В перспективе истории автор «Хованщины» и «Бориса» связан с нашим представлением о Русском Мифе. Он единственный из музыкантов, поставленный историей в живую связь с теми, кто участвовали в XIX столетии в его создании. Миф этот о самой России, и приближение к нему немедленно наталкивает на все роковые вопросы: о русском народе и его судьбах, о противоположении Востока и Запада, Европы и Азии, христианства и язычества, православия, католичества, социализма, эстетики и морали и пр., и пр. Словом, вся издавна нам известная проблематика Вл. Соловьева, Константина Леонтьева, Достоевского, Гоголя, Хомякова, Аксакова, Тютчева, Розанова и даже Шестова. Мусоргский по праву принадлежит к этой семье, и кровная связь с нею становится главным онтологическим смыслом его темы. Логикой Мусоргского не взять. Он онтологичен, как и сама Россия. Его жуткое юродство – единственная форма самозащиты от людей и от жизни. Разве не такое же юродство было позднее у Розанова или под конец жизни у Андрея Белого?
Мало кто в России, из тех, кого терзали бесы, был свободен от этого… Трудно сказать, чем стала тема о Мусоргском в Современной России. Вернее всего, что на родине он утвердился на положении только «классика», хотя «подлинный и неподлинный авторы» и там все еще в столкновении.
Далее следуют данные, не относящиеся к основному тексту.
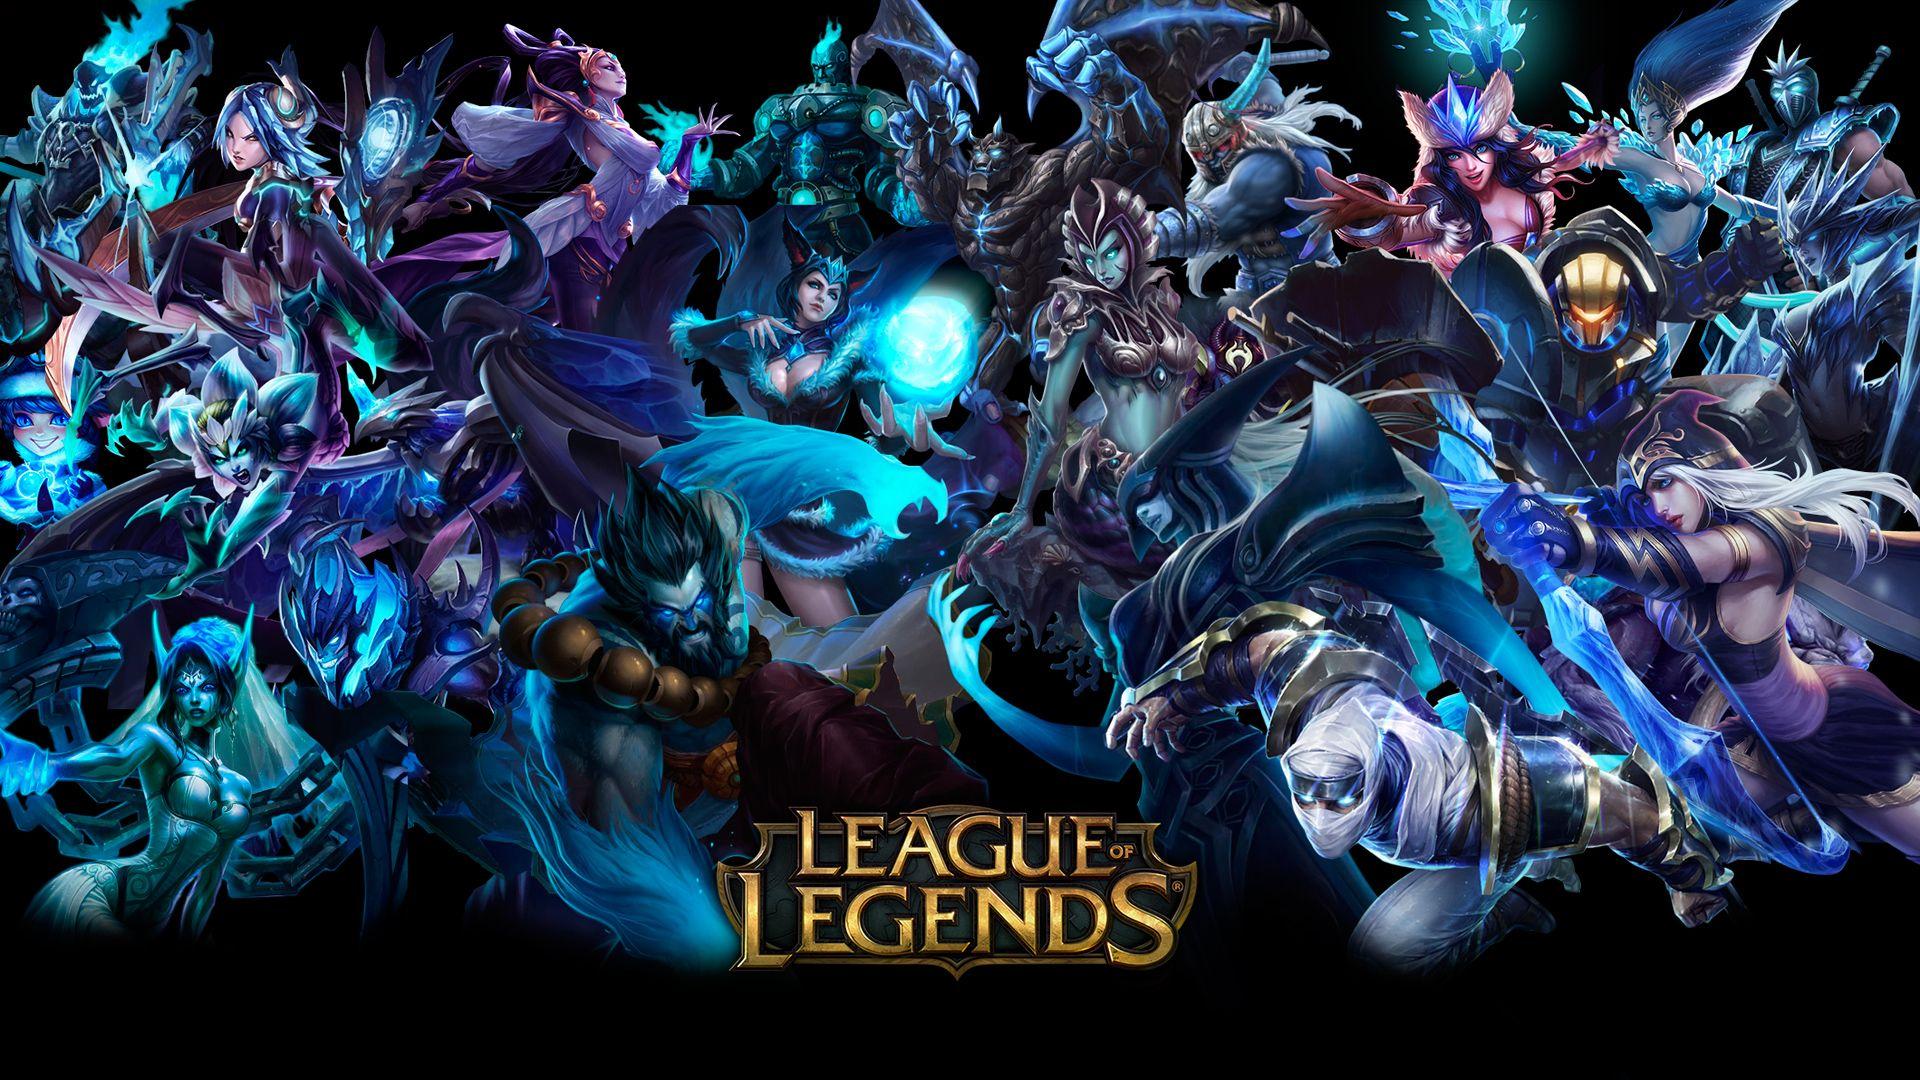 Garen League Of Legends HD Wallpapers Backgrounds
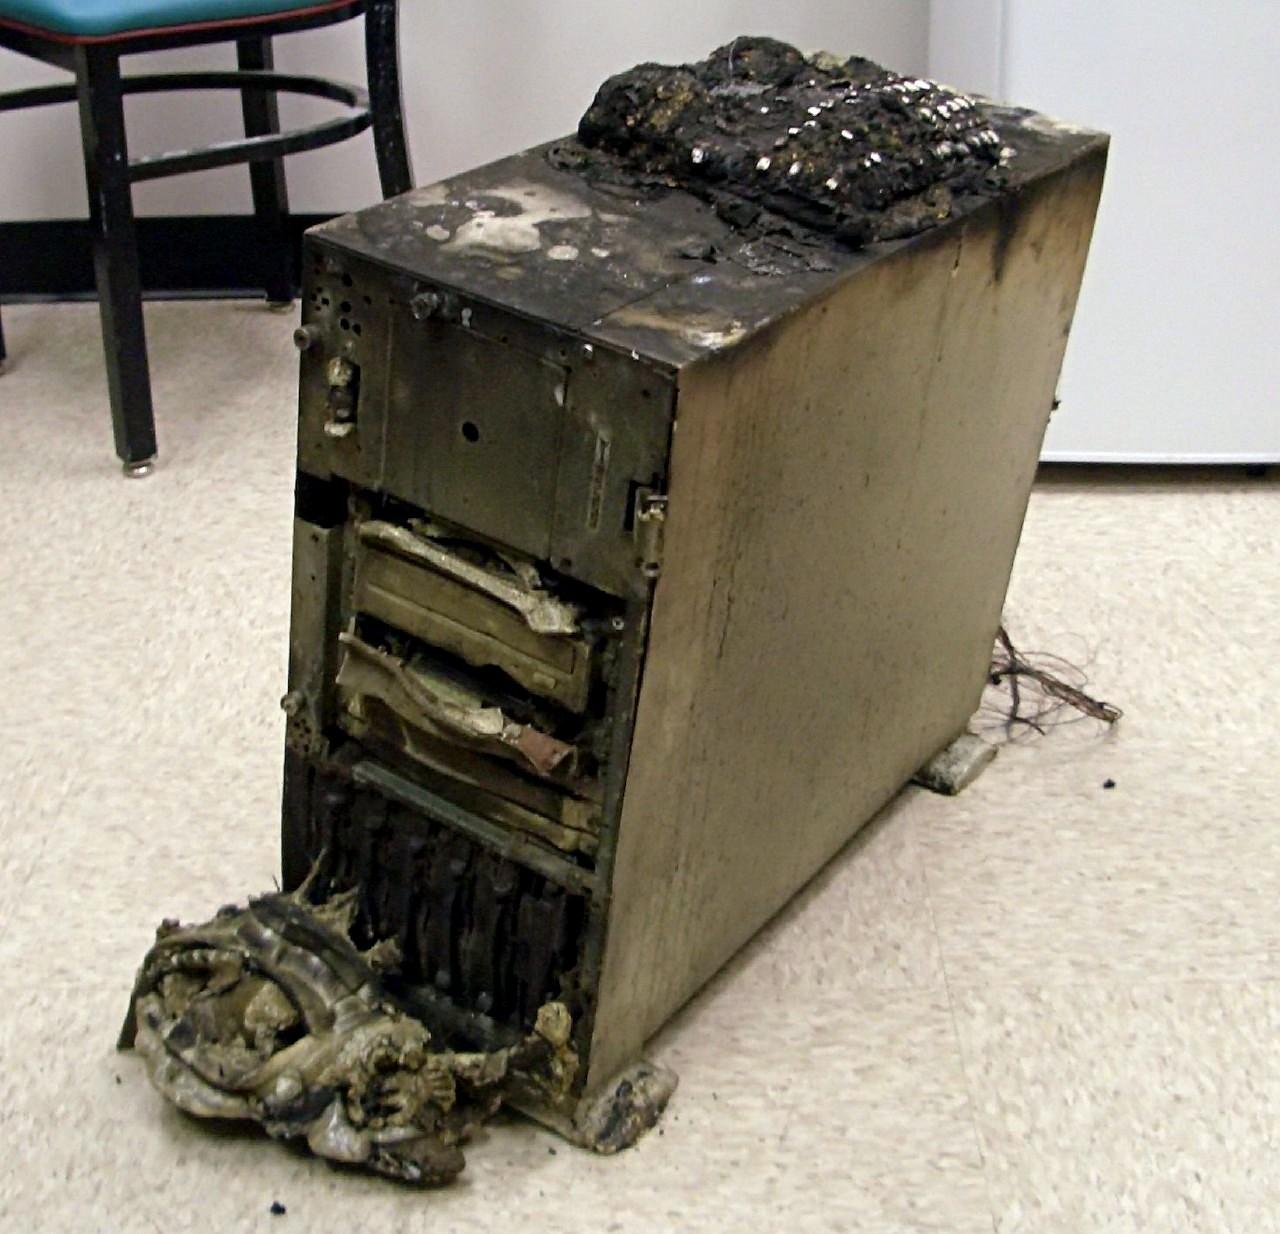 Dead PC

До сих пор народная мистика и острый национализм Мусоргского были прикрыты. К нему было опасно дотрагиваться, как и к Достоевскому. Теперь война многое опрокинула и многое изменила. Ведь в связи с ролью, которую играет Россия в мировом кризисе, и бредовые мечты русских духовидцев как будто начинают оправдываться. Многое становится заметным и тем, кто до сих пор упорно не придавал никакого значения русскому духовному опыту, восхищаясь лишь русской «литературой» и русск[ой] музыкой. Между тем пресловутый «секрет» России, о котором сейчас столько говорят, заключается просто-напросто в том, что между физическим и духовным выражением ее силы нет никакого разлада. Разъединения материи и духа, ставшего главной причиной современного разложения, как выяснилось, не существовало только там, на «варварской земле»…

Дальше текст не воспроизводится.